The Sonatina para fagote solo also follows the experimental inclination of Francisco Mignone. It contrasts with the popular Valsas para fagote solo, composed between 1979 e 1981, in which the composer demonstrates the bassoon´s expressive capabilities within the context of the seresta and modinha. Here, the bassoon functions in broad lines and baroque configurations, presenting dodecaphonic thematic material (BERTÃO, 2015). The composer’s manuscript also brings some doubts about the precise year of composition, as it’s shown in the following example (BERTÃO, 2015).

Figure 5 – F. Mignone, Sonatina para fagote solo, manuscript frontpiece

The first tempo - Moderato – presents a dialectic game in which legato e staccato, forte e piano, fast and slow oppose themselves, functioning as multiple characters: outgoing or intimate, masculine or feminine, mandatory or beseeching. The more reflective moments lead to a march movement, which begins with anacruses ornamented in quintuplets, or fast passages in staccato leaps. The slow movement - Andante meditativo – brings long phrases in which tranquility prevails, beginning with an ornamented but calm phrase. This serenity is only disturbed at the central part, and the movement finishes with figures of connected sevenths, that conclude in a long low C. As in a baroque suite, the Giga finishes the piece with broad interval leaps, and binary compound meter.

- Sonata a 3 (1978)

The Sonata a 3, dated from 1978, comprises three movements. The first is created from an anacrustic figure in ostinato presented by the 3rd bassoon; over this recurring fragment, the 1st and 2nd bassoons propose embellishment figures. The second movement begins with chord pyramids, then moves to a section recited by the first bassoon, accompanied by the other two. The style is still experimental, with melodic, rhythmic, insistent or serene fragments, exploring the bassoon´s wide range of registers and articulations. In the third movement, Mignone writes a waltz in compound meter (9/8), very different from the aesthetics of Dezesseis Valsas, which he began writing the following year. The intricate figures in counterpoint keep the musical flow in suspense until the end.
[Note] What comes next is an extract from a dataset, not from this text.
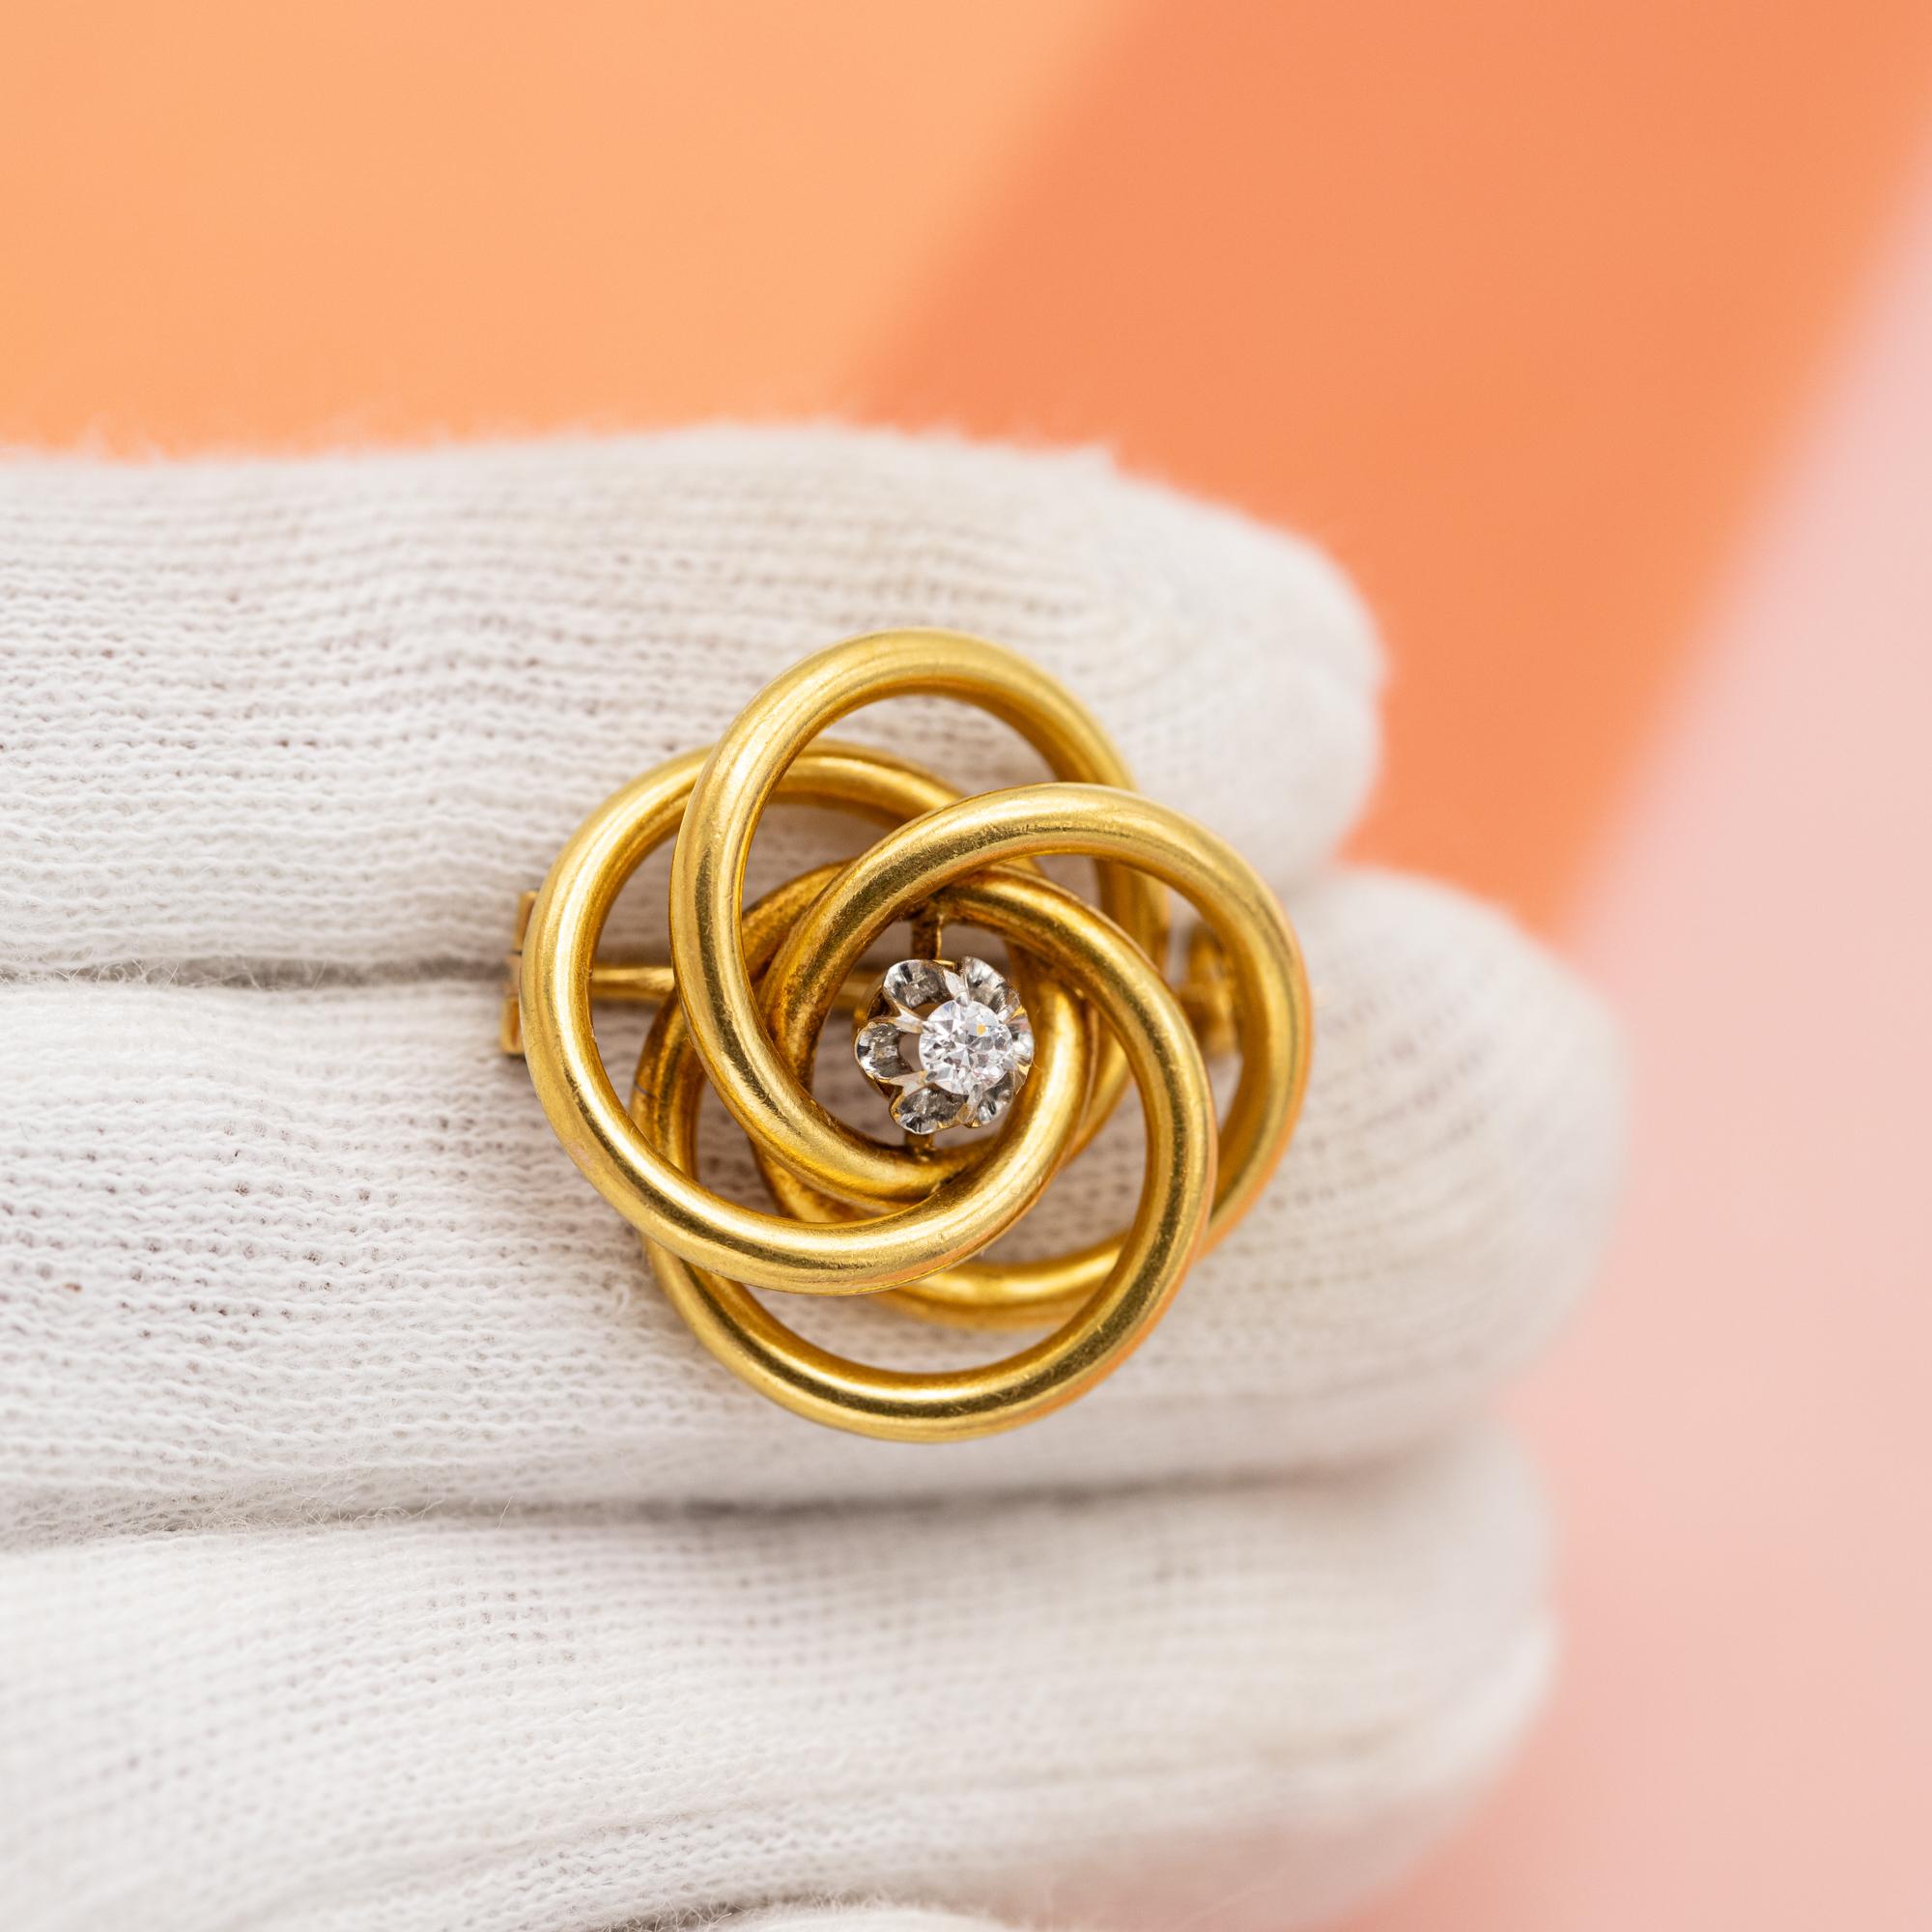 Women's or Men's 18k French Art Nouveau brooch - Late Victorian love jewelry, diamond lovers knot

- Quatro peças brasileiras (1983) This piece was originally written for piano, in 1930, and transcribed for bassoon quartet by the composer himself in 1983. The first recording was made in 1985 by Quarteto Airton Barbosa, formed by Noël Devos, Antonio Bruno, Aloysio Fagerlande and Ricardo Rapoport.
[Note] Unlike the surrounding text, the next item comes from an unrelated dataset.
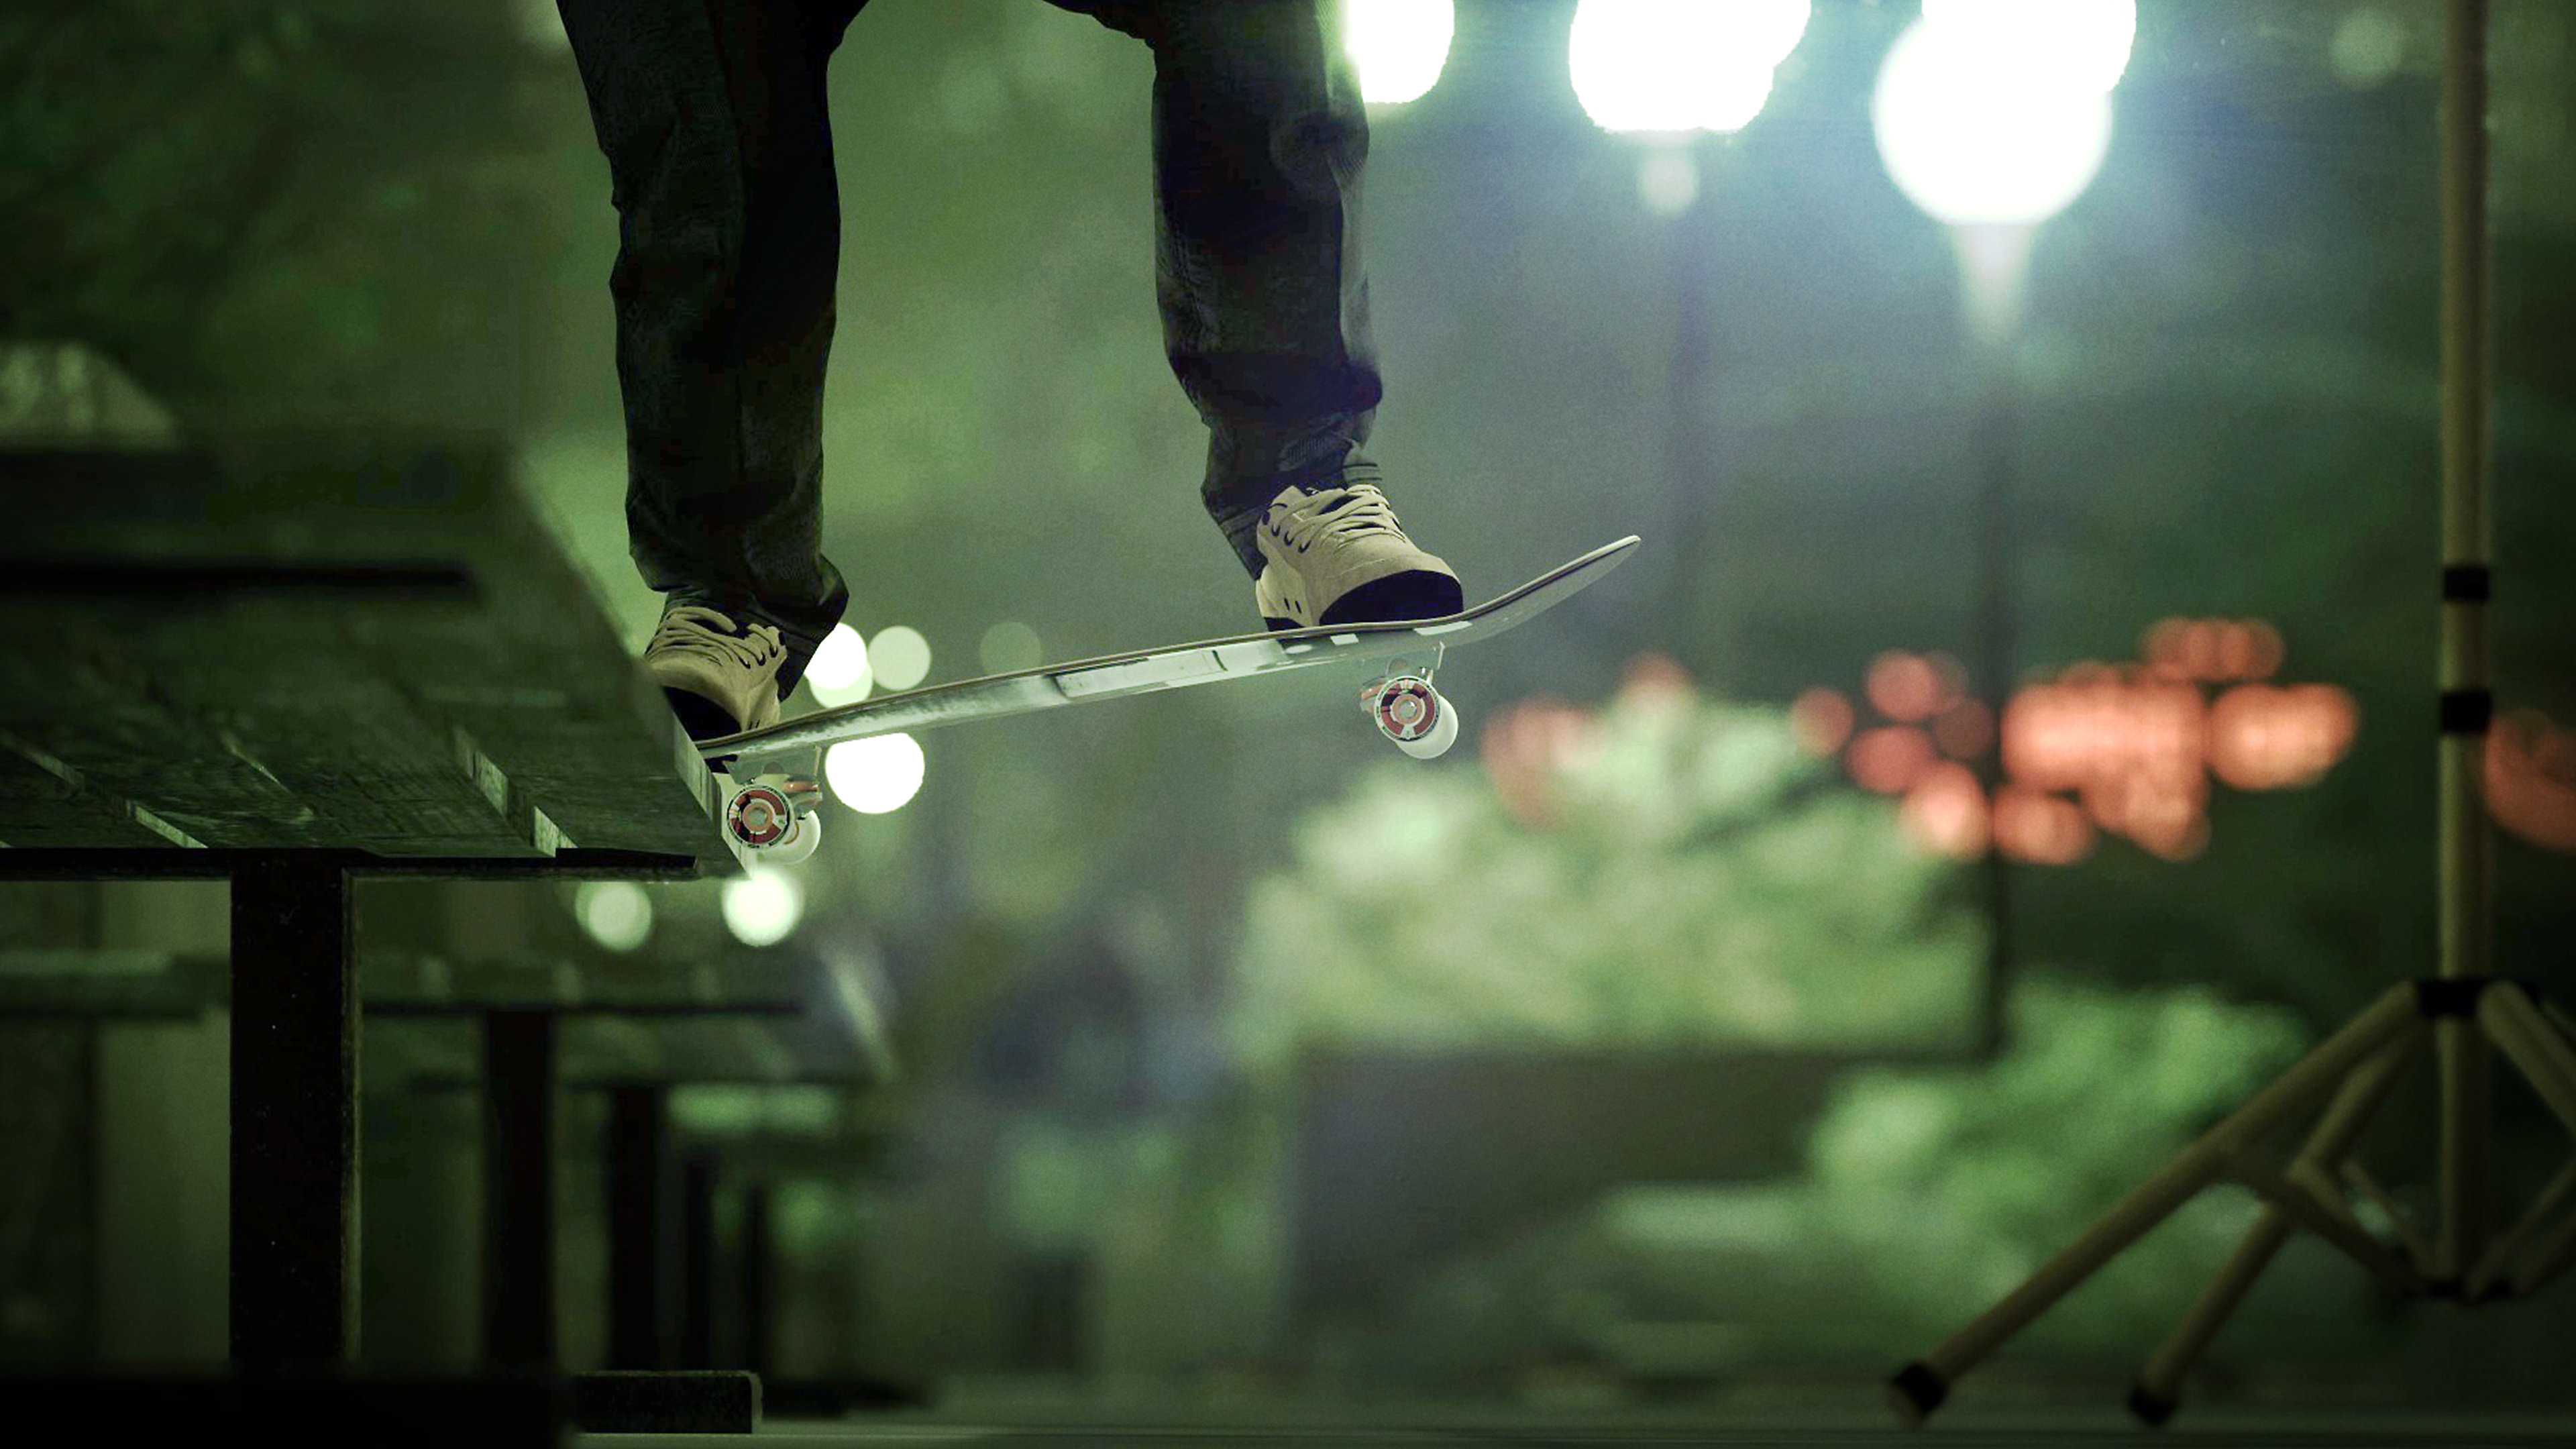 《Session:Skate Sim》螢幕截圖，顯示一名滑板玩家在輾磨長椅

The first movement - Maroca – has, as tempo indication, Andantino Preludiando. This suggests that the musical text should be played chanted, recited. This movement presents a calm melody, with rural music aspects, in which there is a dialogue between the voices that emphasize the melodic line.

The second movement is the maxixe called Maxixando. Coming from the lundu, the maxixe had its greatest importance as a musical genre in the middle of the second half of the 19th century, mixing polka melody with modified accents and bass lines similar to the lundu. In simple binary meter, in this movement we see an indication “com alegria”, and it possesses characteristics as displaced accents and syncopated rhythms. The third movement pays homage to Ernesto Nazareth (1863 -1934). The specified tempo is Allegro Comodo, with the subtitle Nazareth; the theme develops with a melody full of ornamentation for the first bassoon that intertwines with the other voices, suggesting an improvisation. The fourth movement - Toada – has its main theme presented by the first bassoon, making the other voices create a sound ambience for the soloist melody, but always making a dialogue among themselves. In the central section, the melodies intertwine like a nostalgic song, and bring memories of guitars players from the sertão region. Mignone finishes going back to the main theme and with a codetta.